Der erste Gemeindeleiter in Jerusalem, den Jesus selbst für den Bau Seiner Gemeinde eingesetzt
hat, ruft uns an diesem Israelsonntag zu (1.Petr.2,4-5):
Kommt zu ihm als zu dem lebendigen Stein, der von den Menschen verworfen ist, aber bei
Gott auserwählt und kostbar. Und auch ihr als lebendige Steine erbaut euch zum geistlichen
Hause und zur heiligen Priesterschaft, zu opfern geistliche Opfer, die Gott wohlgefällig sind
durch Jesus Christus.
Wir fragen daraufhin: Wie sollen diese lebendigen Steine beschaffen sein, und wie sehen die geistlichen Opfer aus, die in diesen Tempel eingebaut werden?
Brauchbare Steine halten sich frei von Rivalitätsdenken, Neiden, Streiten und Rechthabereien.
Denn der König der Juden ist sanftmütig und von Herzen demütig. Es geht zwar um ein klares
mutiges Bekenntnis zu Ihm, aber entscheidend ist der Geist, in dem es geschieht. Daran entscheidet sich, ob wir aufbauend oder zerstörend wirken.
Brauchbare Steine sind bereit, sich von Bauleuten verwerfen zu lassen. Denn sie stehen in der
Nachfolge dessen, der sich von den Bauleuten verwerfen ließ. Das ist schmerzhaft.
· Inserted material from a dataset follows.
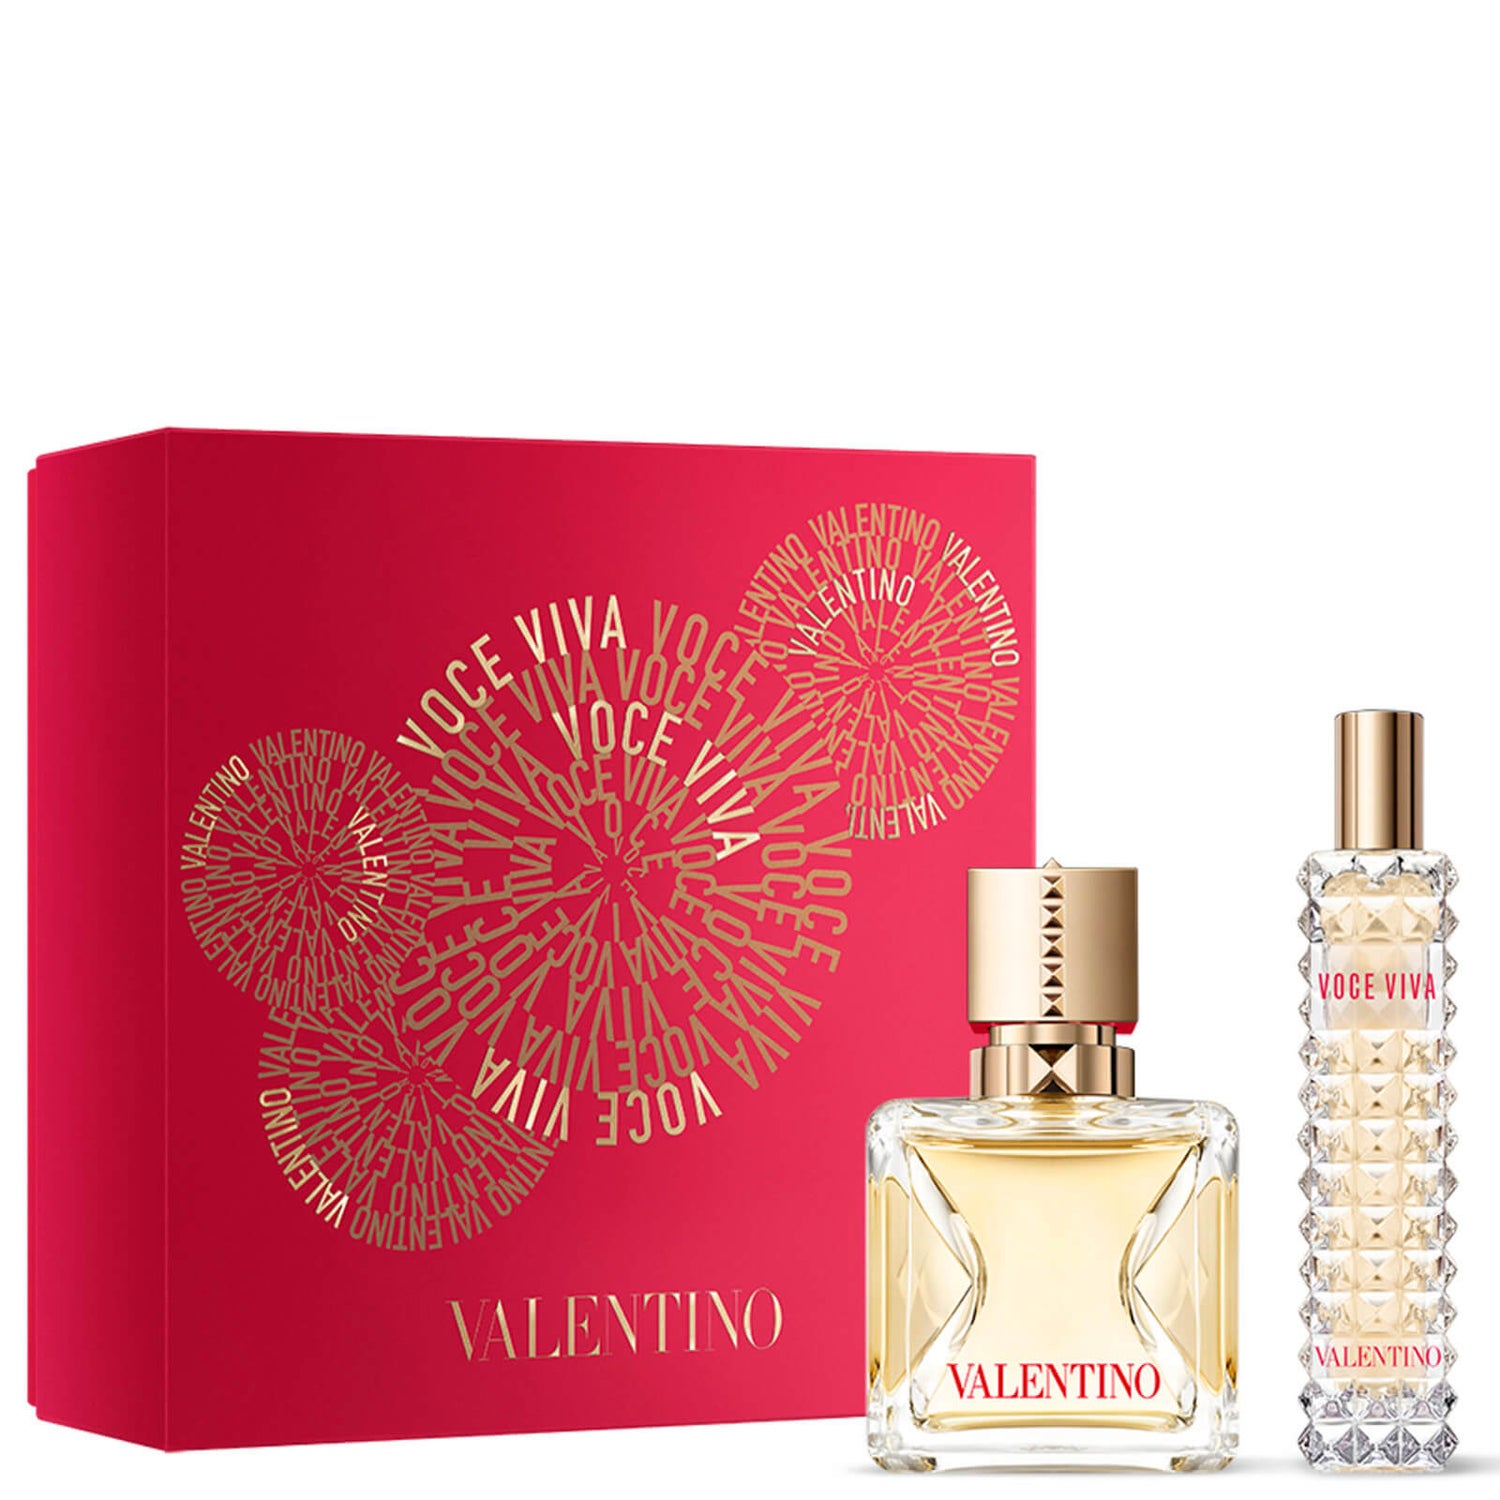 Valentino Voce Viva Eau de Parfum Set Regalo 50ml

Aber wir werden es durchhalten können, wenn wir als Teil unserer Kirchen und Gemeinden im
Herzen behalten, dass wir an der Verwerfung Seines Bundesvolks beteiligt waren.
Für diesen nicht leichten Weg hat der Herr einen großen Trost für uns bereit: Gott hält Ausschau
nach zerbrochenen Steinen! Mit zerbrochenen Steinen will Er Seinen Tempel bauen und vollenden - unsere Schwachheit macht uns tauglich!
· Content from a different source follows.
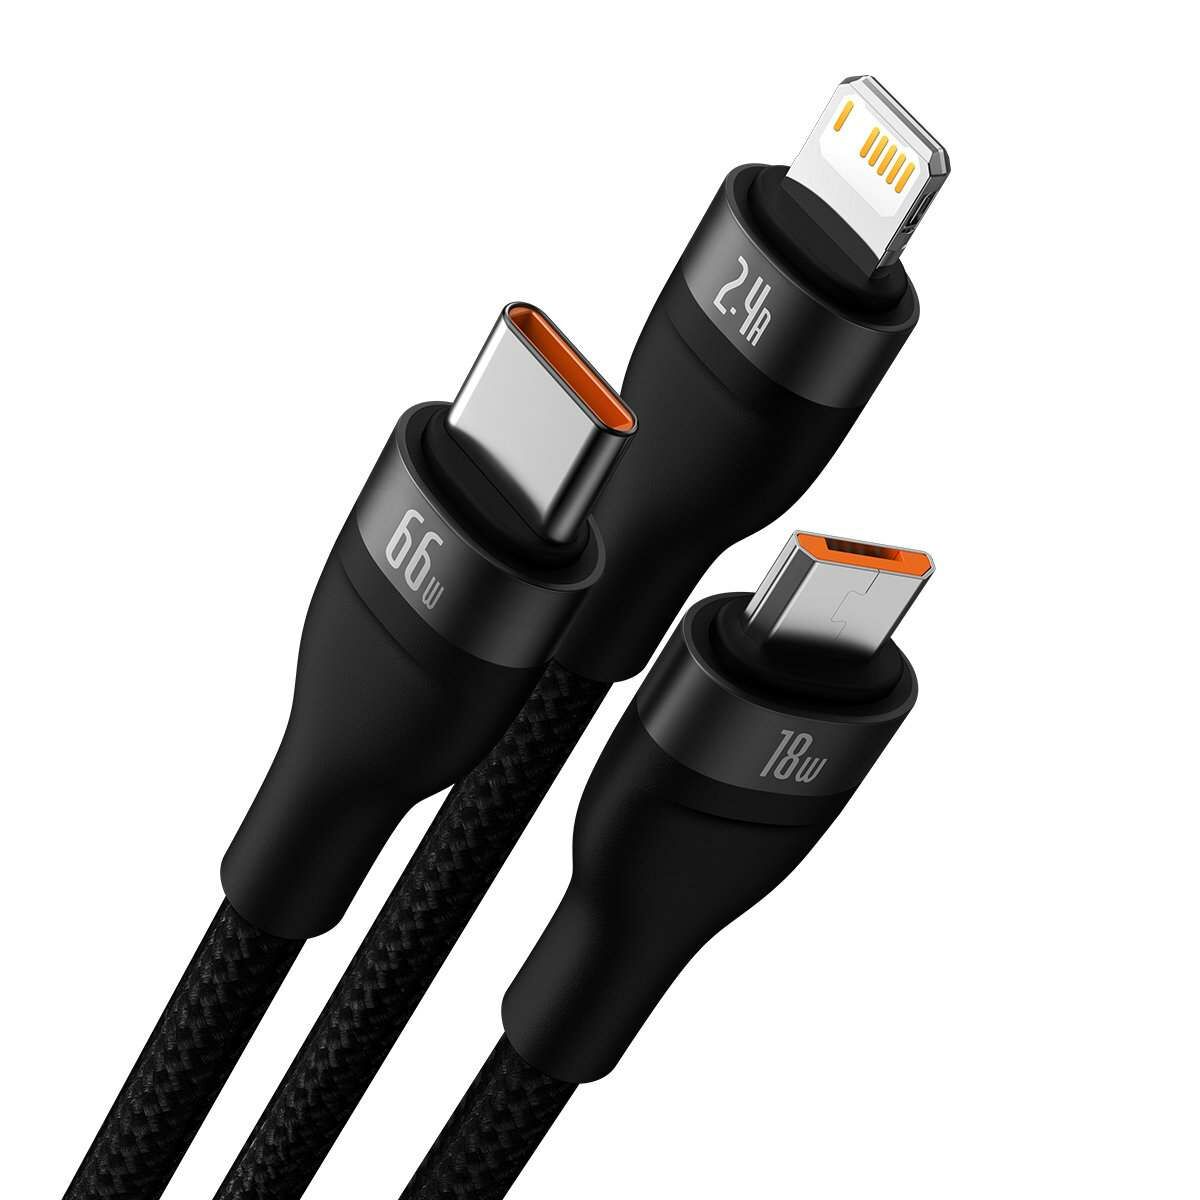 Kép 2/5 - Baseus Flash II 3-in-1 töltő- és adatkábel USB Type-C - Micro / Lightning / Type-C 66W, 1.2m, fekete (CASS040001)

Als damals unsere Schwestern in den Trümmerhalden Darmstadts nach Bausteinen suchten, um
die Mutterhauskapelle aufzubauen, waren sie immer darauf angewiesen, ganze Steine zu finden.
Manchmal war das eine lange Suche.
Gott sucht nach zerbrochenen Steinen, nach denen Er oft auch lange suchen muss. Aber in den
bevorstehenden gewaltigen Turbulenzen der beginnenden Endzeit wird sich dieser Prozess beschleunigen - Dank sei Gott!
Für die letzte Bauphase vor der Wiederkunft Jesu ermutigt uns der Herr durch den Propheten
Sacharja in Kapitel 4. Auch damals ging es um den Bau des Tempels. Alle am Bau Beteiligten sollten die Tage der geringen Anfänge nicht verachten, sondern erwarten, dass sie mit Freuden den
Schlussstein sehen werden. Das schien damals unmöglich zu sein, und erst recht scheint es heute
unmöglich zu sein - aber die Garantie für dieses große Werk übernimmt Gott selbst:
So spricht der Herr Zebaoth: Es soll geschehen nicht durch Heer oder Kraft, sondern durch
meinen Geist! Sacharja 4,6
Wir wollen heute gemeinsam vor unseren Herrn treten in dem Dank, dass Er auf unseren geringen Anfang wartet.